Exercise requirements: Repeat the listing word for word. Leave every picture out.

Raw data:
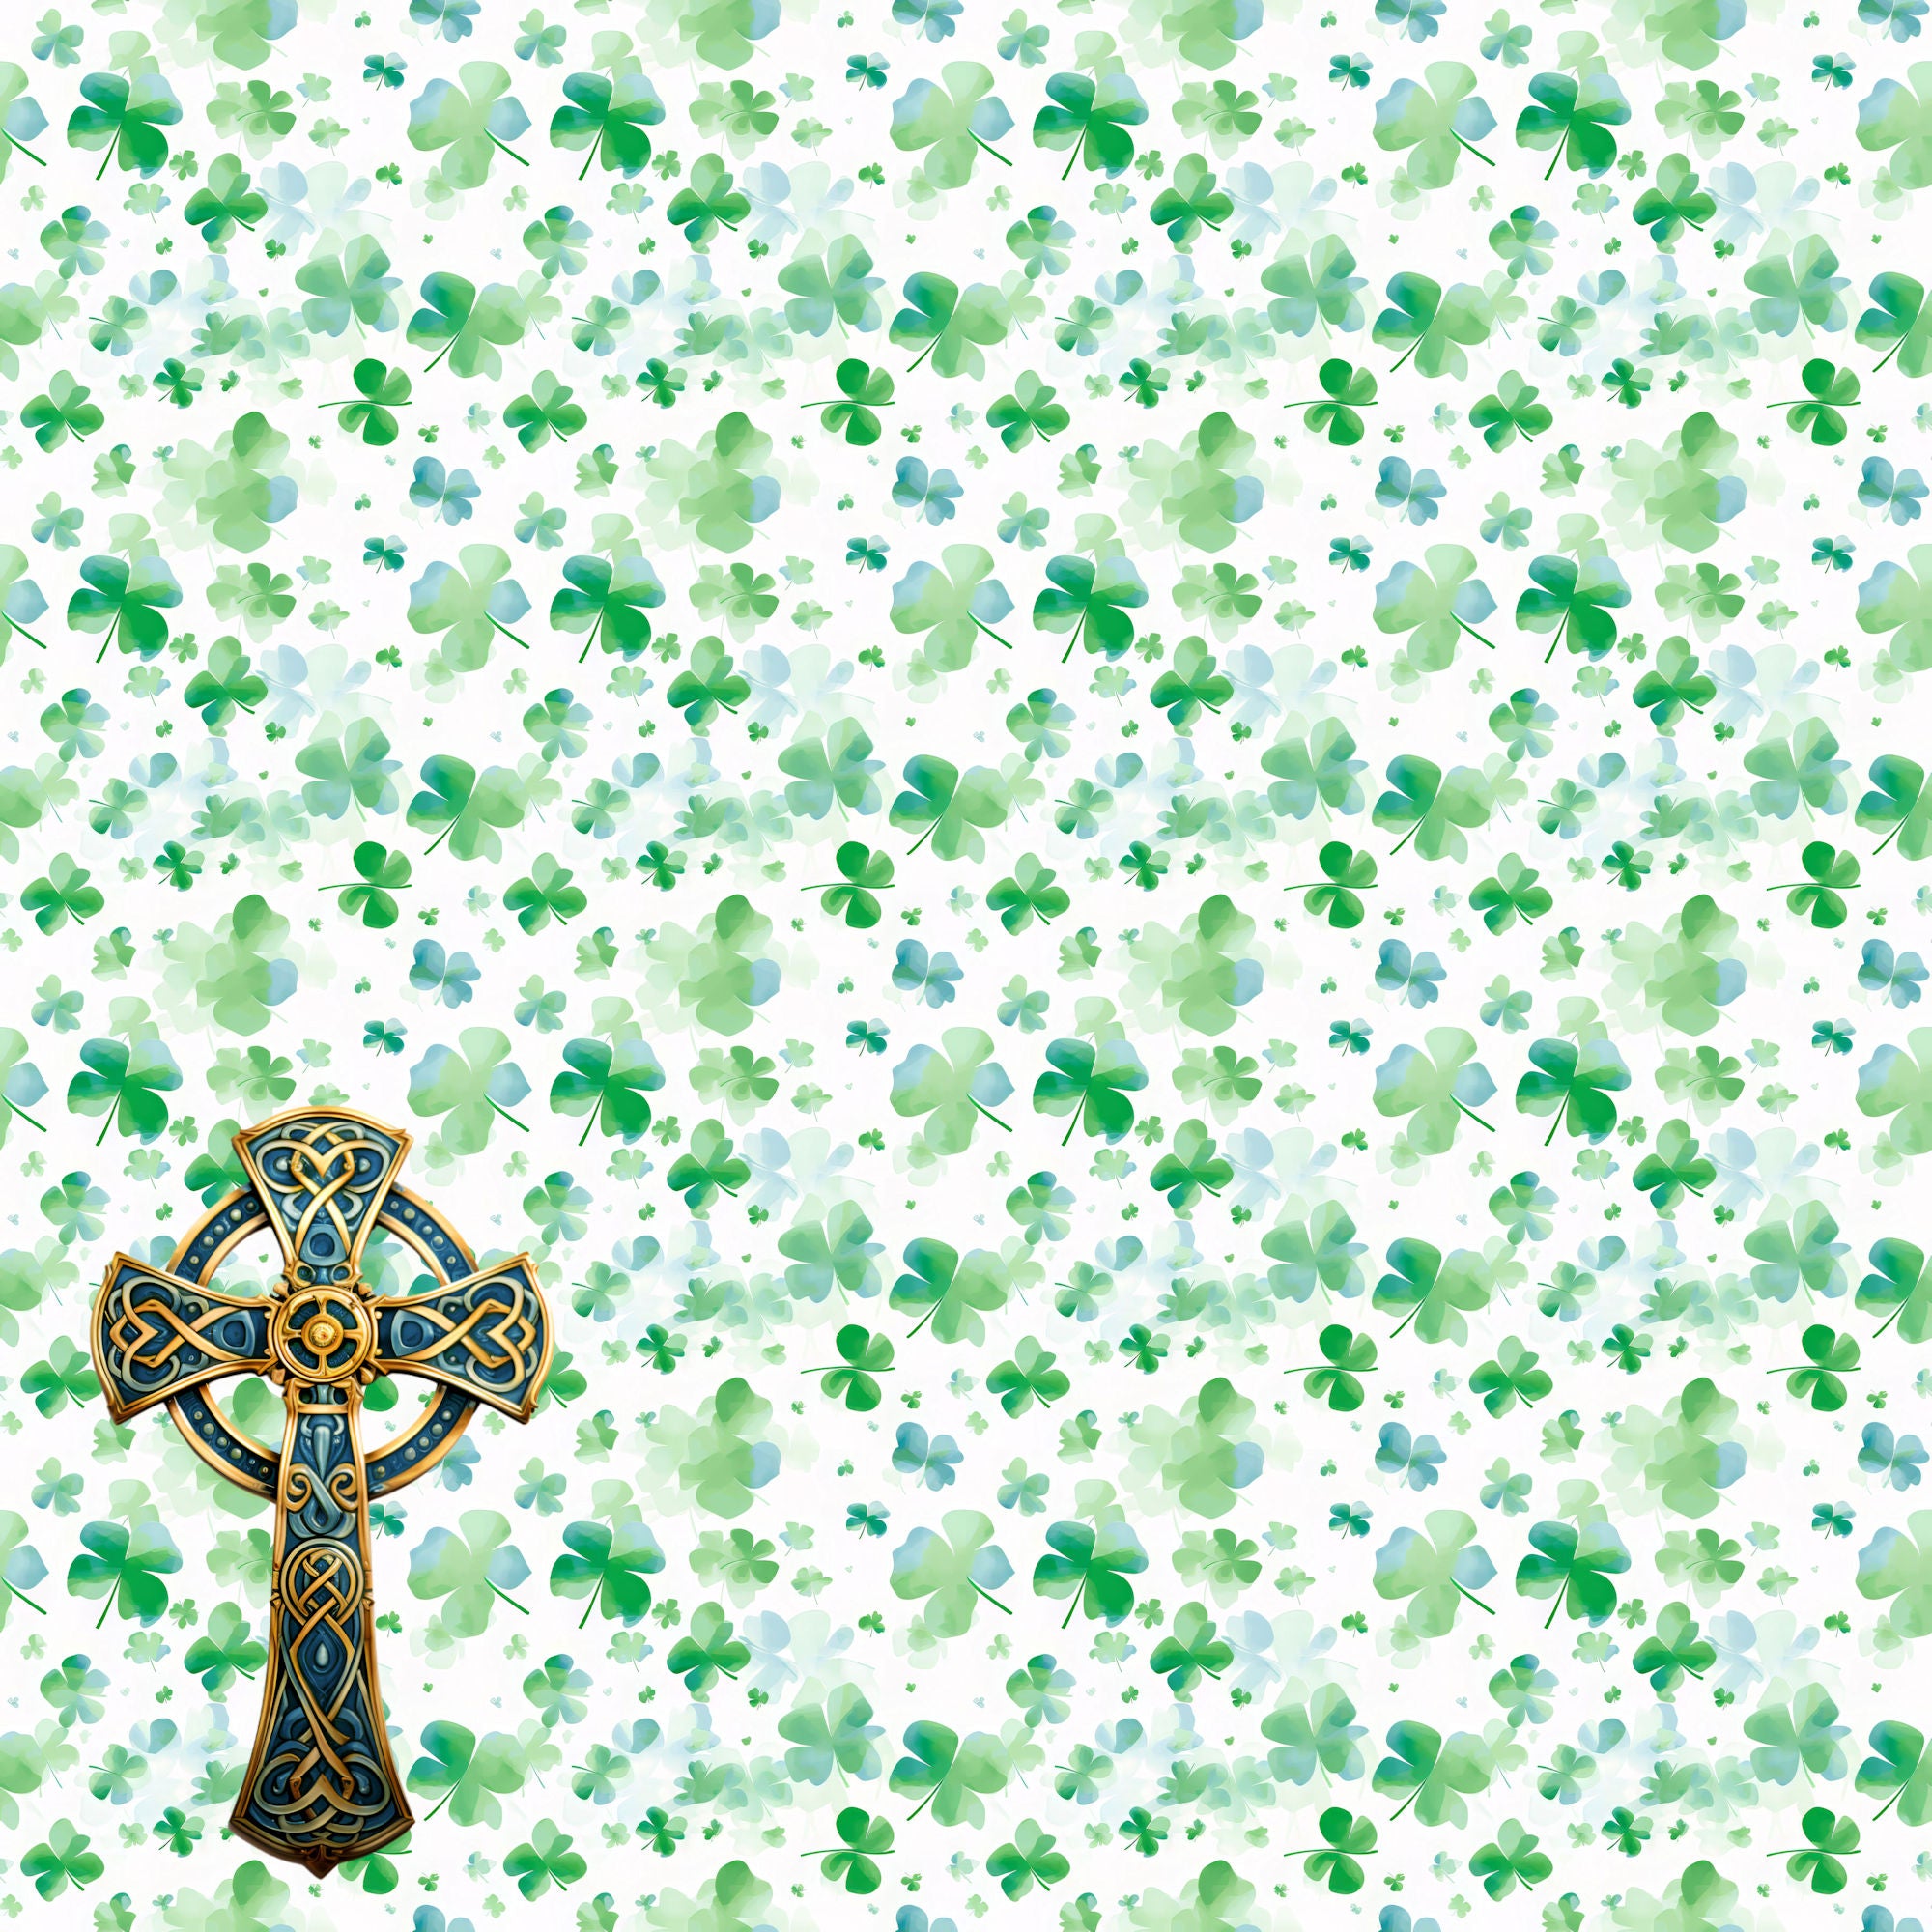 St. Patrick's Day Collection Celtic Cross 12 x 12 Double-Sided Scrapbook Paper by SSC Designs
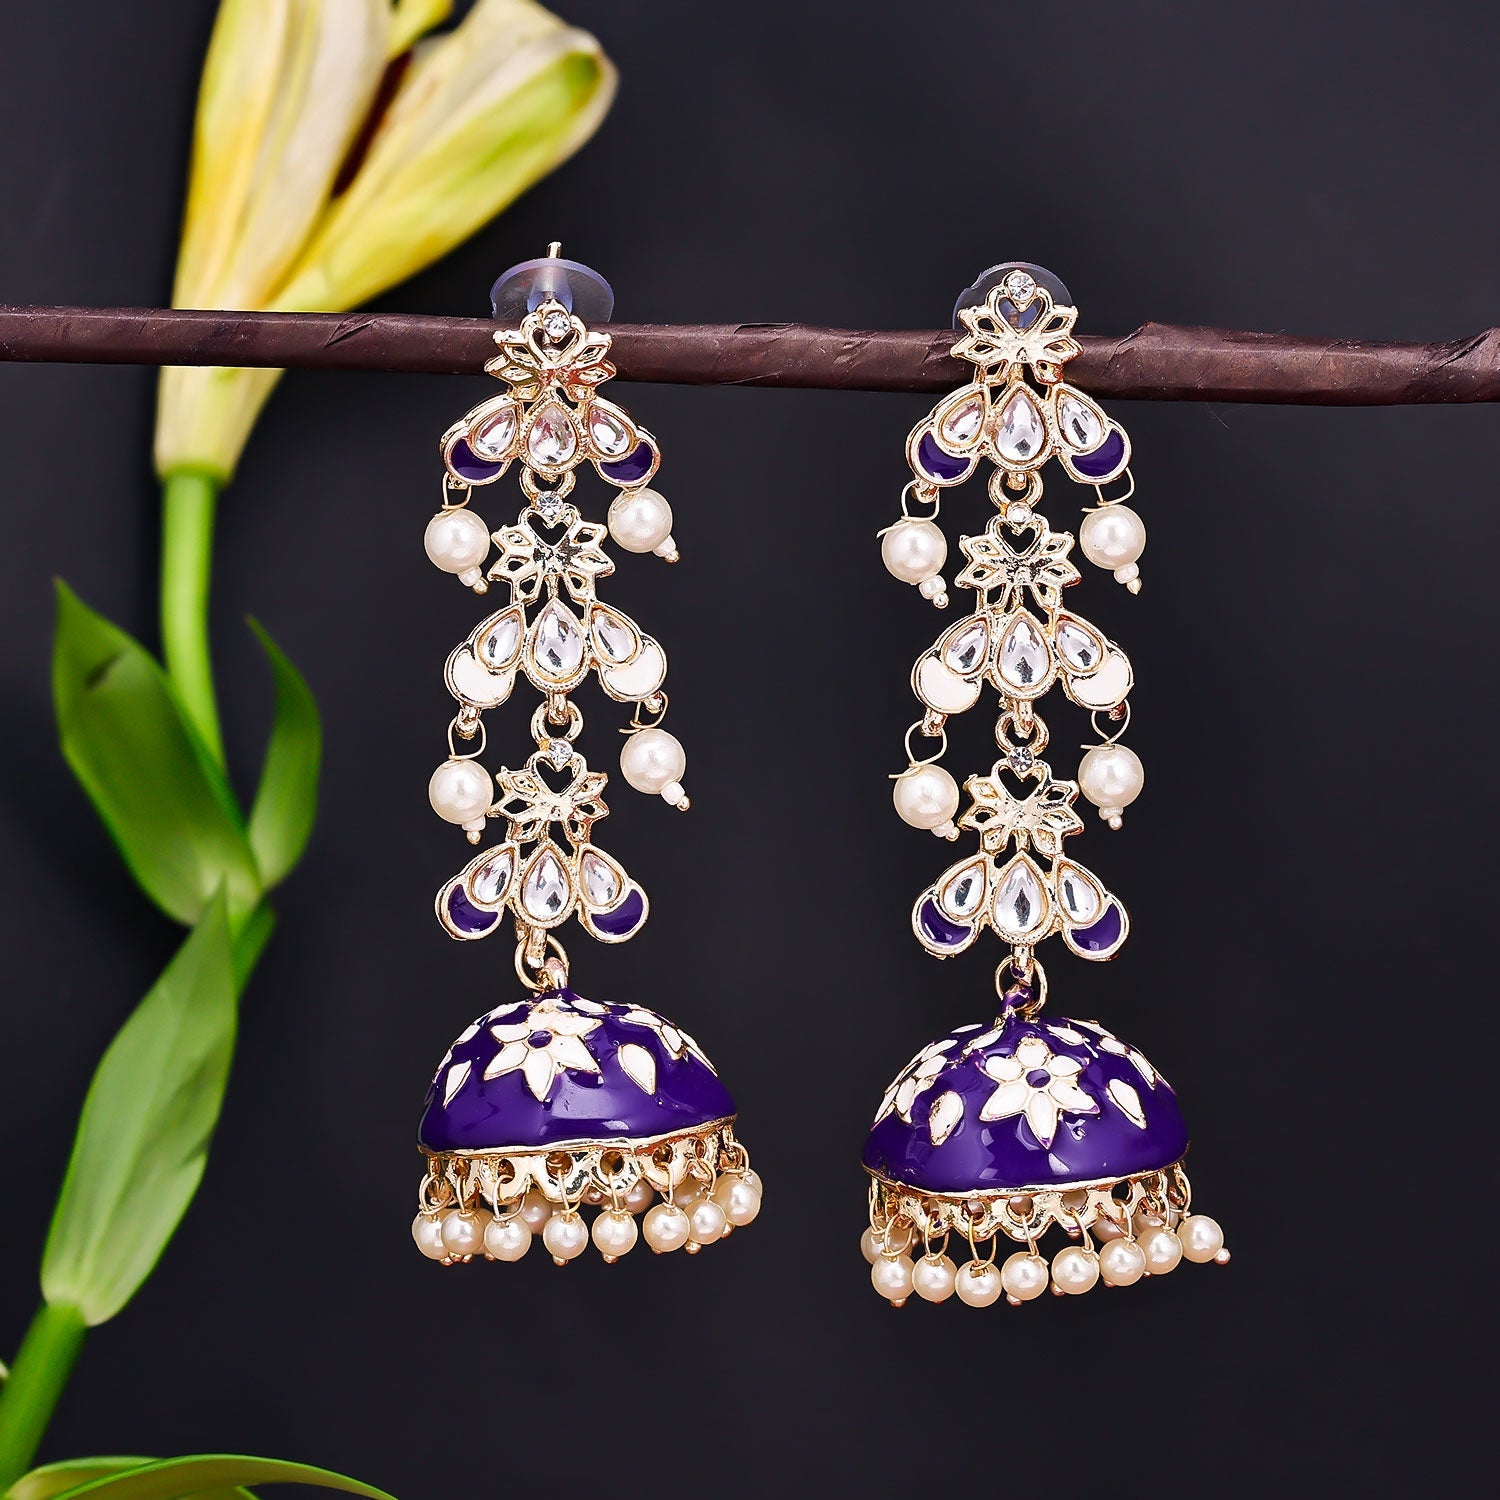 Light purple / Lavender colour jhumka drop wali style earrings in Kund –  Timeless desires collection
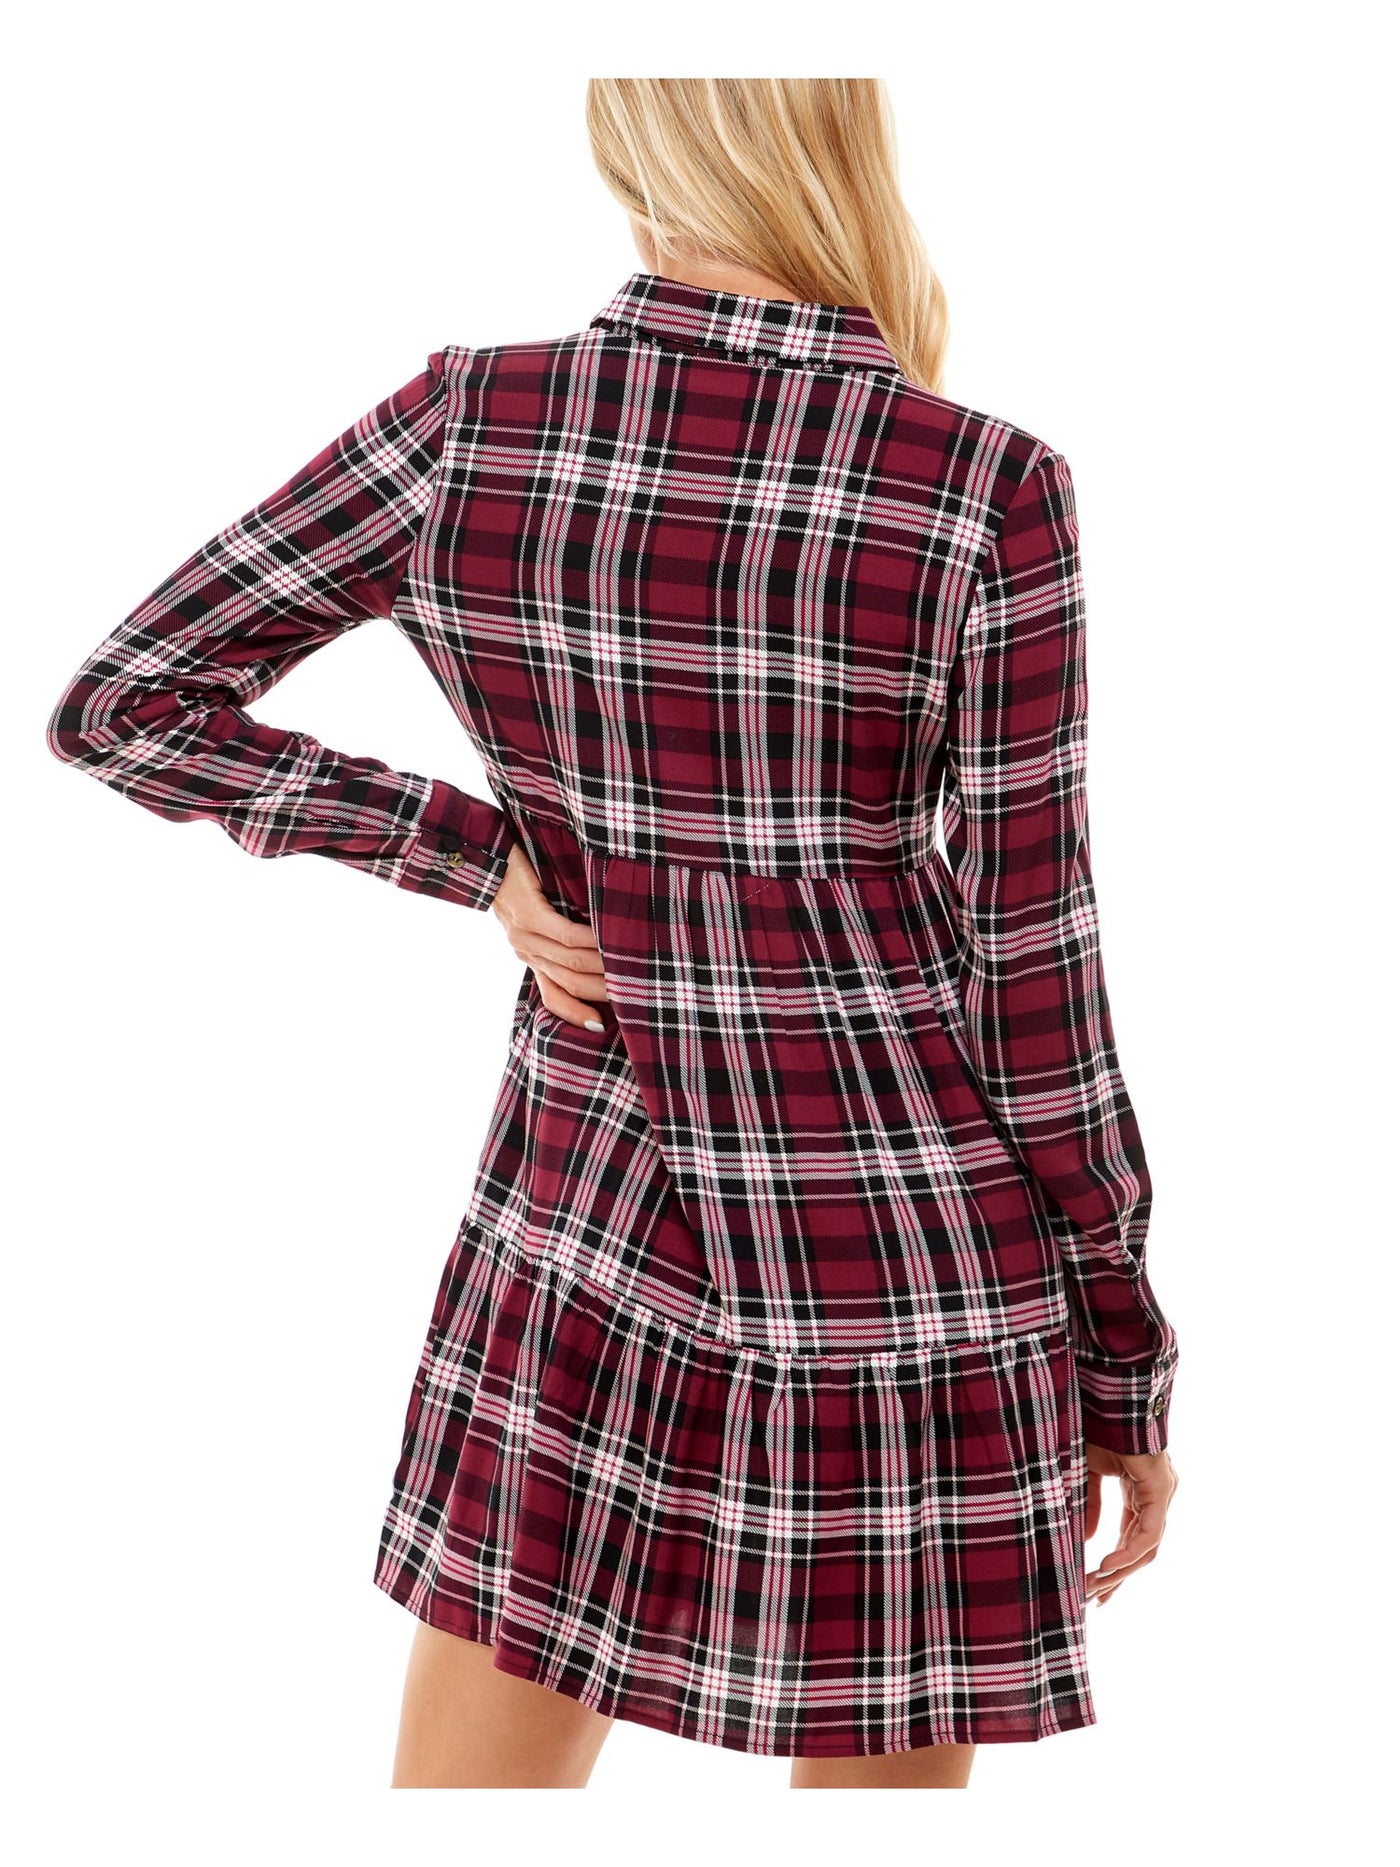 ULTRA FLIRT Womens Maroon Plaid Cuffed Sleeve Point Collar Above The Knee Wear To Work Fit + Flare Dress M

Task output:
 St. Patrick's Day Collection Celtic Cross 12 x 12 Double-Sided Scrapbook Paper by SSC Designs
 Light purple / Lavender colour jhumka drop wali style earrings in Kund –  Timeless desires collection
 ULTRA FLIRT Womens Maroon Plaid Cuffed Sleeve Point Collar Above The Knee Wear To Work Fit + Flare Dress M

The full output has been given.